St. Luke’s hospitals had a total of 545 patients admitted as of Monday. About 7% of them had COVID-19.

Idaho had a total of 136 people hospitalized with COVID-19 on Friday, the most recent day with nearly complete reports from Idaho hospitals. Of those, 43 patients were in intensive care, according to data from the Idaho Department of Health and Welfare.

The number of COVID-19 patients remains below that of the outbreaks in summer and fall 2020. But the counts are growing higher, which is why Souza is worried.

“Our ICU count today, right now, is as high as it was at the peak (COVID-19) in December,” Souza said in an interview last week.

“What changes between now and December?” In December, the story was COVID. COVID was literally 50% of our acute care admissions… and we were pushed to close to our capacity, and we were all worried and scared (we were heading towards rationing care).

This summer, the COVID-19 patient load has been “super stable,” at only about 5% of patients, he said.

“Two weeks ago that all started to change, and in the last two weeks that has doubled. It’s now 10% of our inpatient admissions, ”he said. “I mean, adding that, it’s not just like the last straw that could break the camel’s back. It’s like a straw that will become a haystack, if it does something like the last three pushes.

The other thing that has changed since December is that vaccines are available at pharmacies, mobile clinics, emergency care offices and community events. Idaho is inundated with doses. But the hundreds of thousands of Idahoans who can get them still haven’t.

McInerney begins to feel unsafe again when she goes to the grocery store. She has no company at home unless she knows they are vaccinated. She wears her mask again. She has two young children at home and she doesn’t want them catching the fast-spreading Delta variant.

“I’m counting the days until they can be vaccinated,” she said.

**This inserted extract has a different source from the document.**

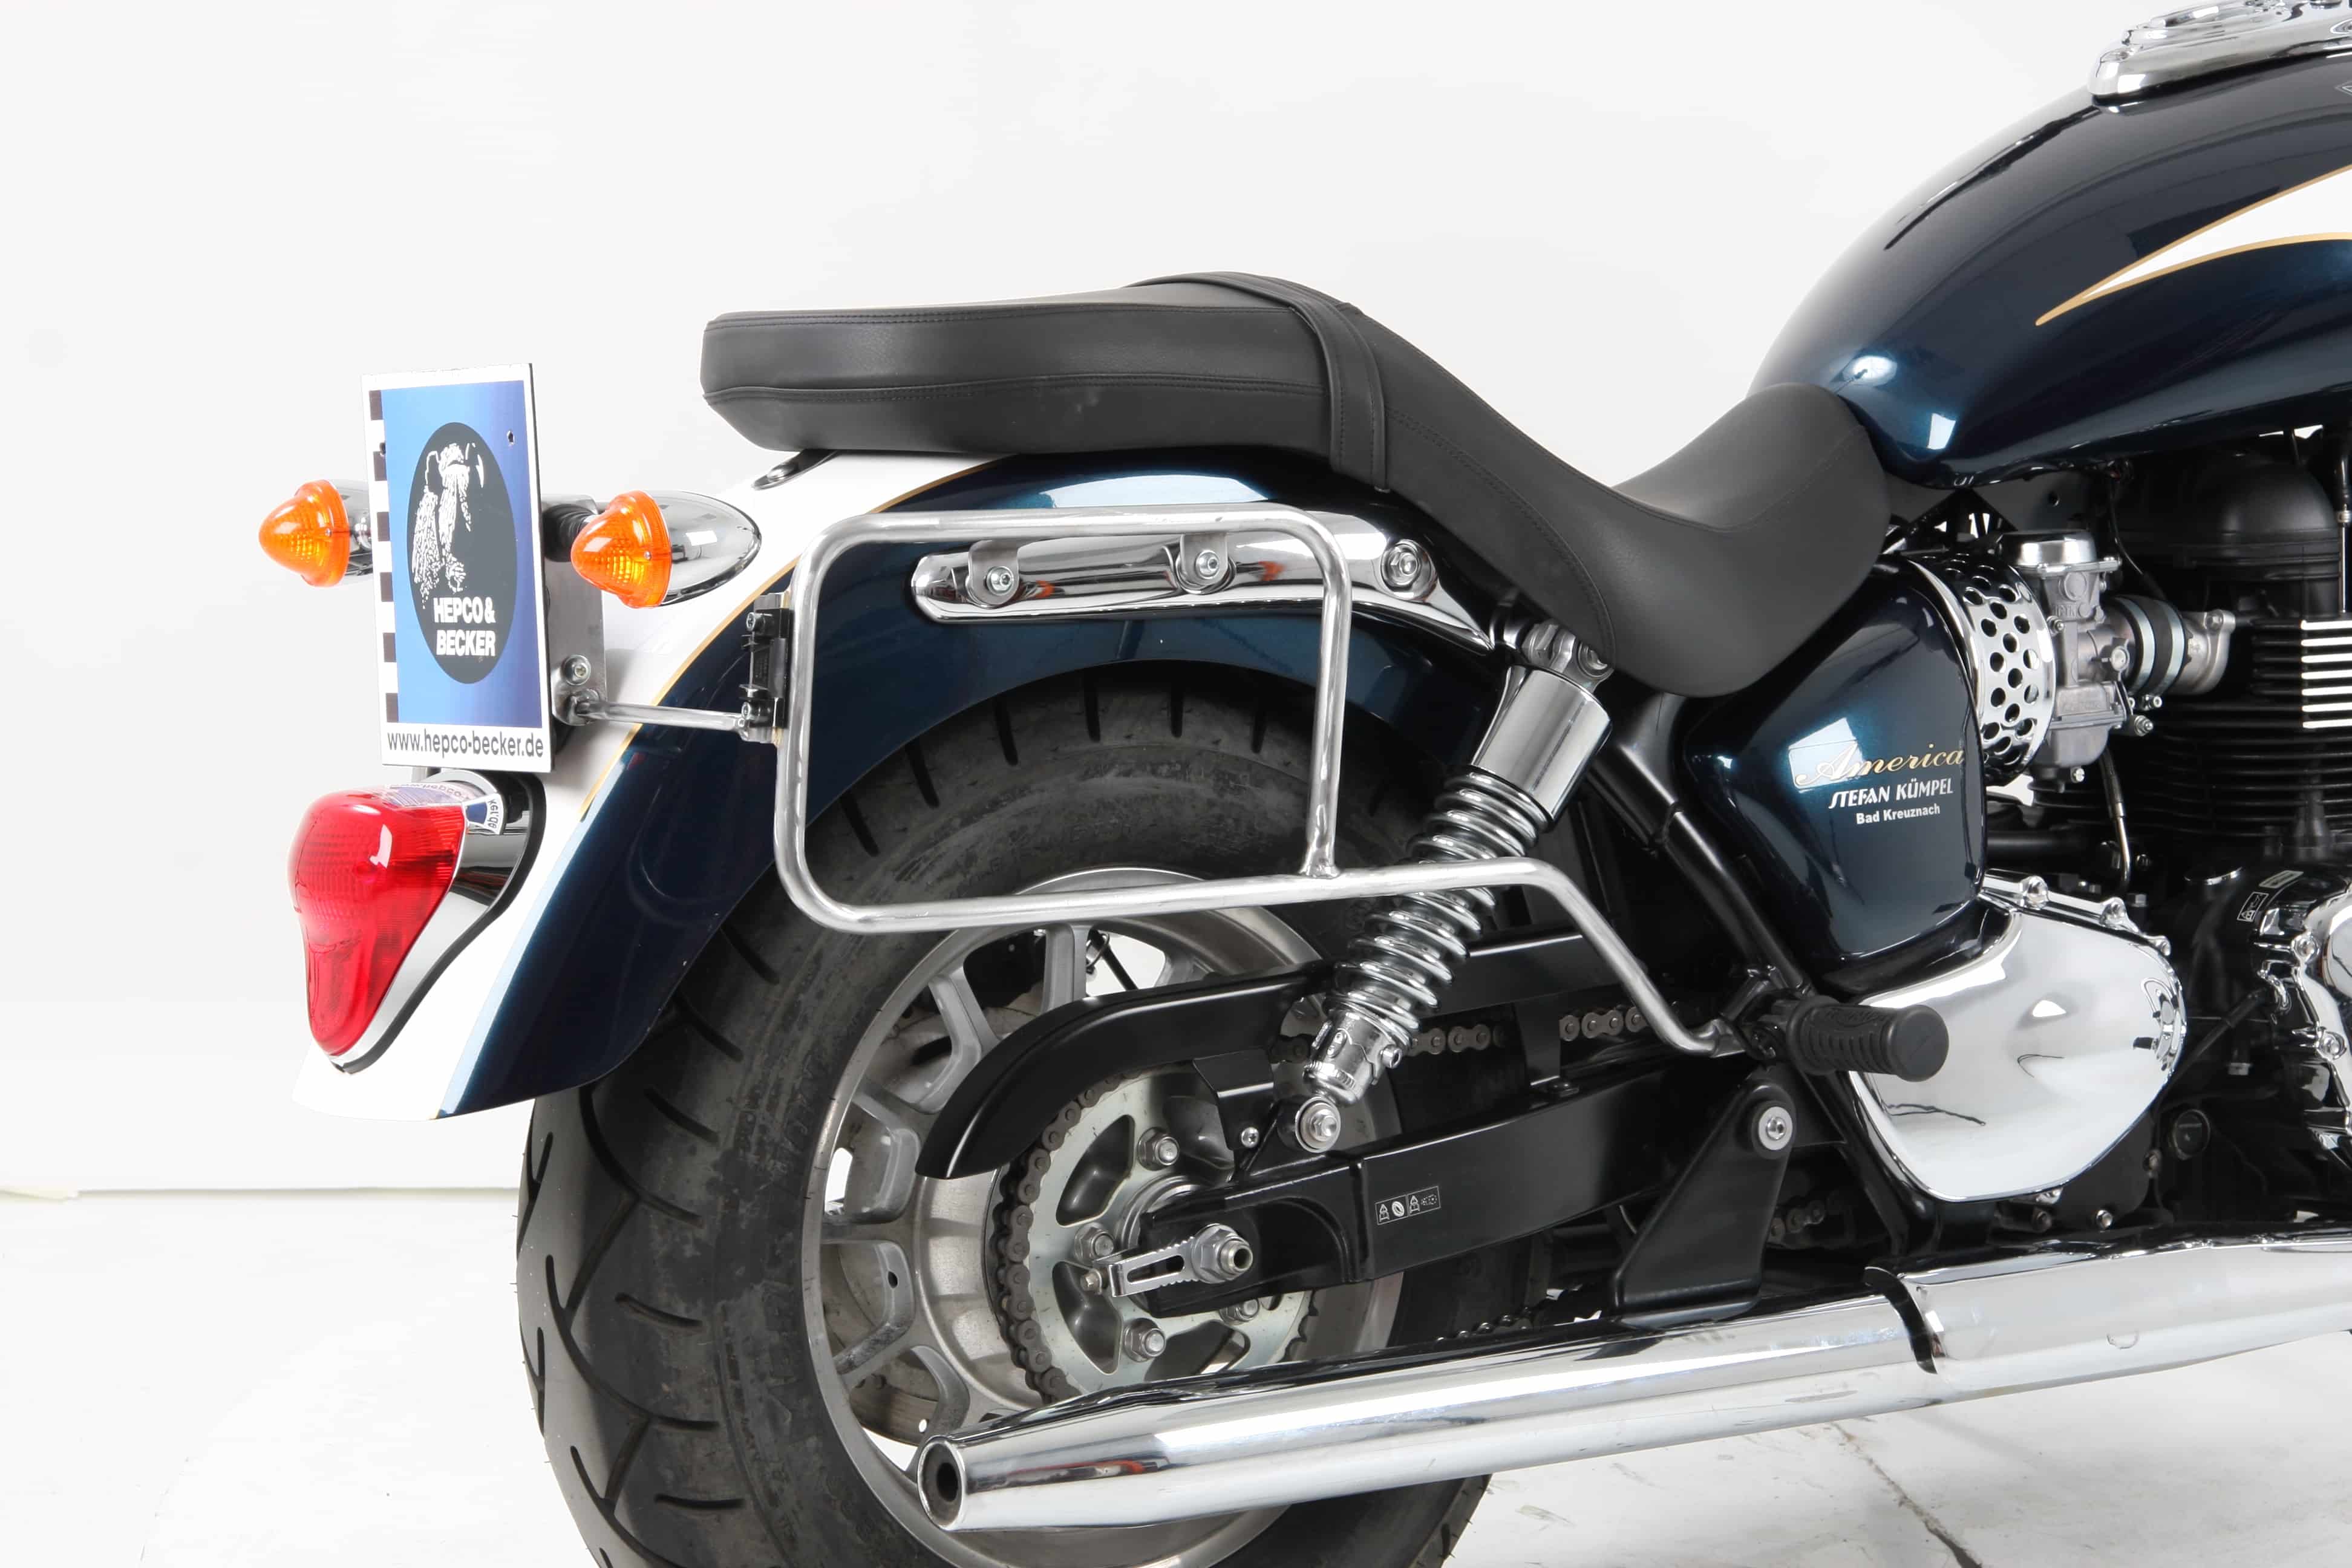 Sidecarrier permanent mounted chrome for Triumph Bonneville Speedmaster (2011-2017)

She is also worried about her intensive care team.

Saint Alphonsus will always be ready to treat patients, she said. But healthcare workers are not an infinite and consumable resource.

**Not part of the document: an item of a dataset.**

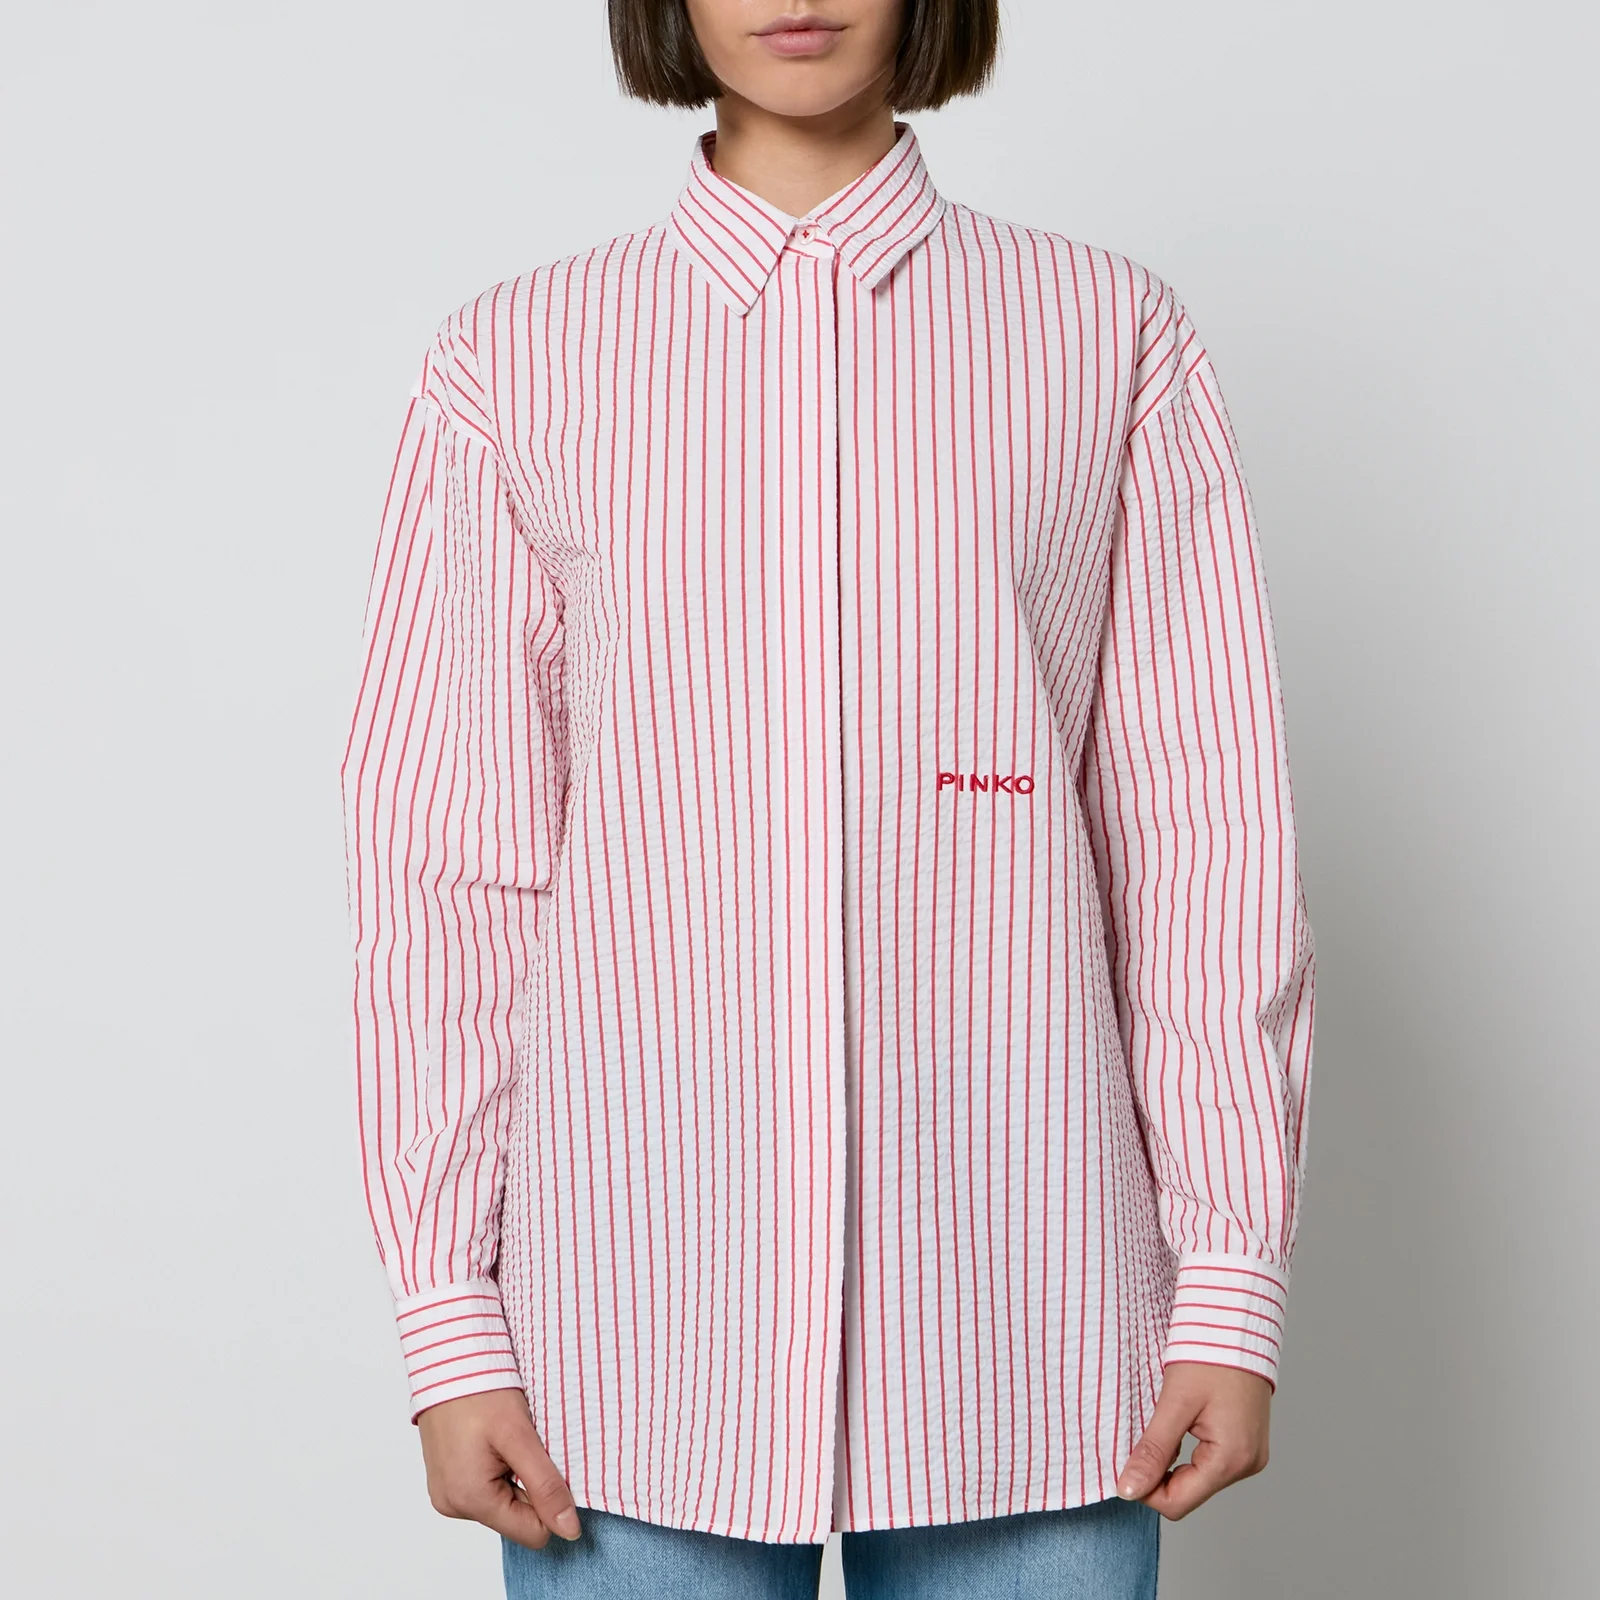 Pinko Bridport 1 Rigato Striped Seersucker Shirt - S Image 1

“We’re so tight, having gone through a pandemic together,” she said. “We’re all so close, and we’re in the same boat. And we’re at the point where we’re at with frustration. “

She fears morale will suffer if the team has to endure a new wave of COVID-19, at a time when vaccines are readily available.

Healthcare in Idaho has already lost some of its workforce due to burnout and trauma. Some nurses fell in love with their careers after months of grueling work in hot PPE, trying to save people who didn’t trust medical experts.

“I don’t know if our health care system can tolerate another exodus of health care workers,” McInerney said.